The Final Stage of Reconstruction
After the breast mound is reconstructed (whether by implant or flap), recreating the nipple-areola complex (NAC) is the final step in achieving a natural appearance. This is typically performed 3–6 months after mound reconstruction, when settling is complete and the position for reconstruction can be accurately determined. The decision to pursue NAC reconstruction is personal — some patients choose to leave the mound unreconstructed or use a prosthetic adhesive nipple.

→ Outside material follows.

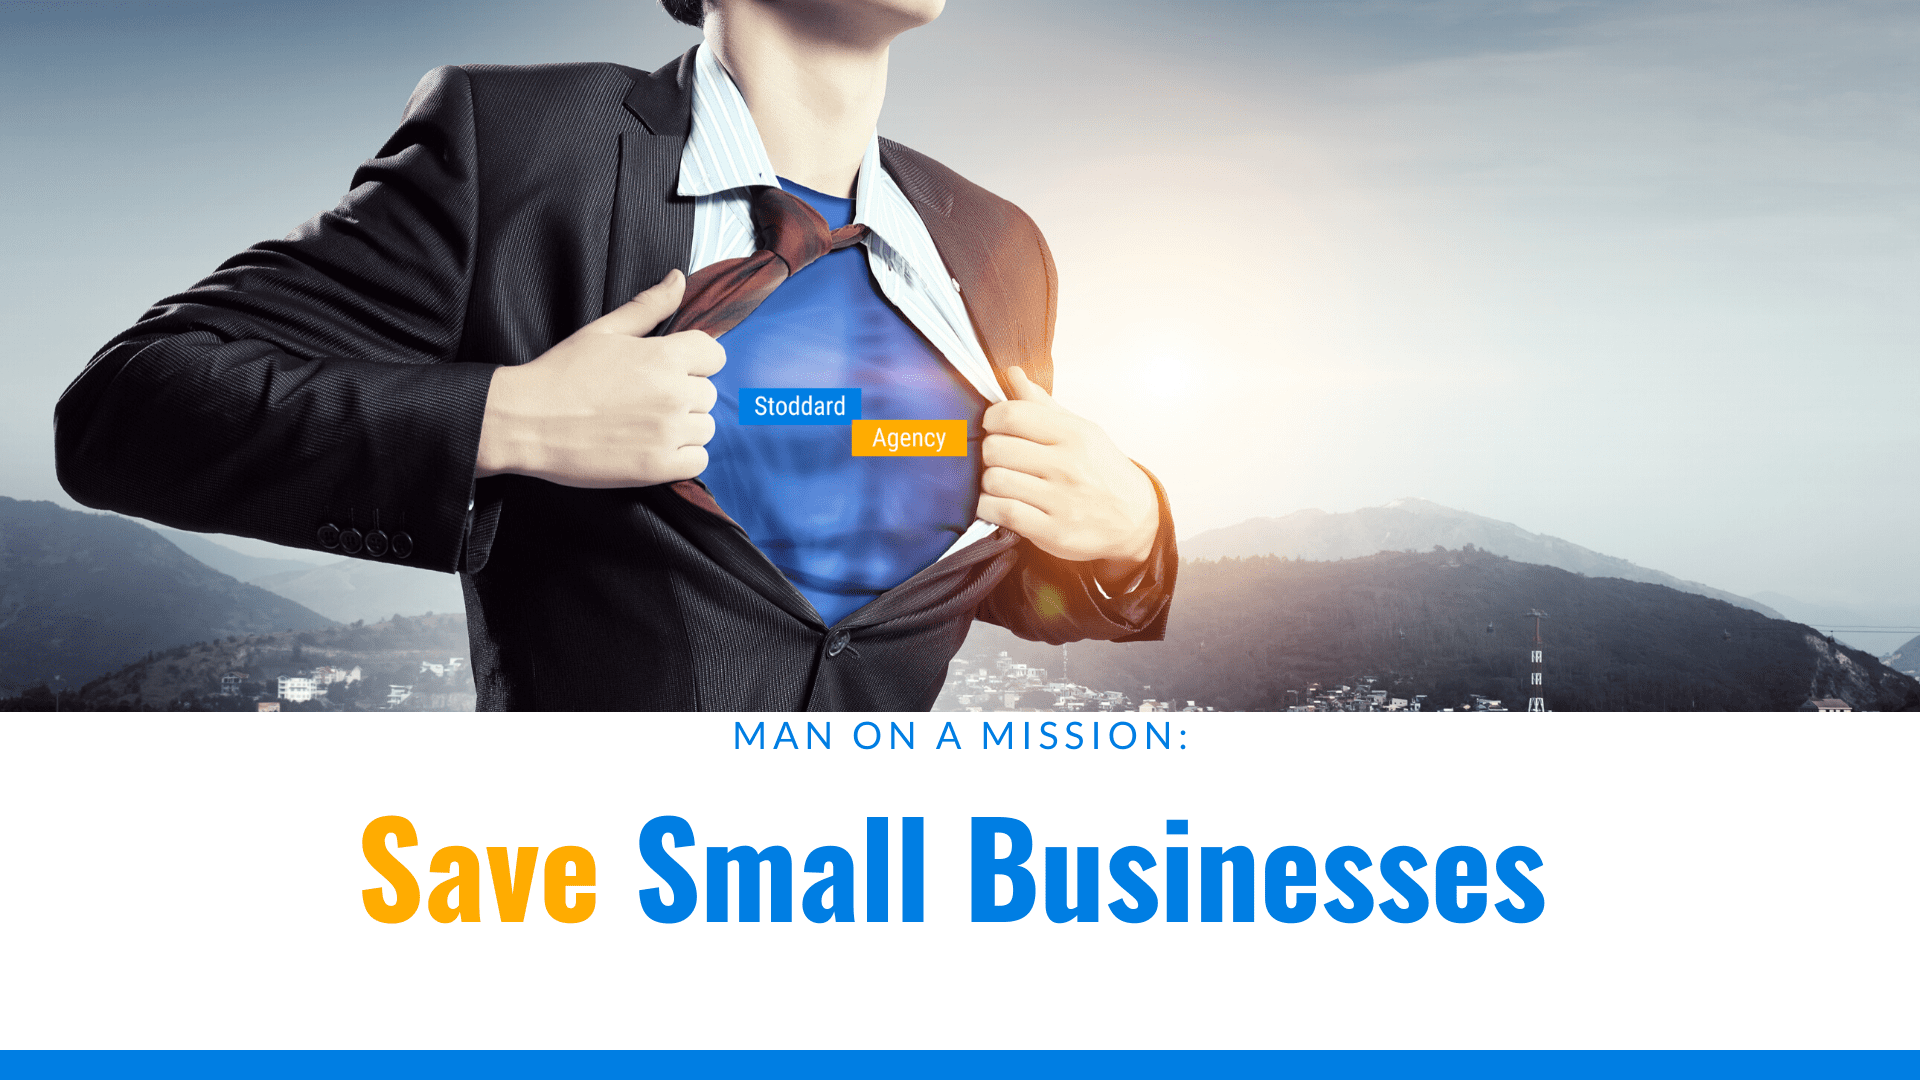 Save Small Businesses

Local Flap Nipple Reconstruction
The most common surgical approach uses local skin flaps — small sections of skin and subcutaneous tissue rearranged to create a projecting mound at the nipple position. Multiple flap designs exist: the star flap, the C-V flap, the skate flap. All use local skin to create initial projection, though some projection is typically lost over the following months as scars contract and the reconstructed tissue softens. Secondary projection enhancement procedures may be needed.
3D Paramedical Tattooing
Areola tattooing is performed 6–8 weeks after nipple reconstruction (to allow full healing) to recreate the pigmentation and apparent diameter of the areola. Advanced 3D paramedical tattooing uses shading and colour gradient techniques to create the visual illusion of a three-dimensional nipple even on a flat surface — used for patients without surgical projection or as the sole NAC recreation where projection is not desired. In skilled hands, 3D tattooing results are impressive and can be essentially indistinguishable from a natural NAC in photographs.
Nipple Prosthetics
Adhesive silicone nipple prosthetics offer a non-surgical option. Modern prosthetics are made from medical-grade silicone tinted to match individual skin tone and can be worn daily under clothing. They require regular adhesive application and care but are reversible and involve no surgery.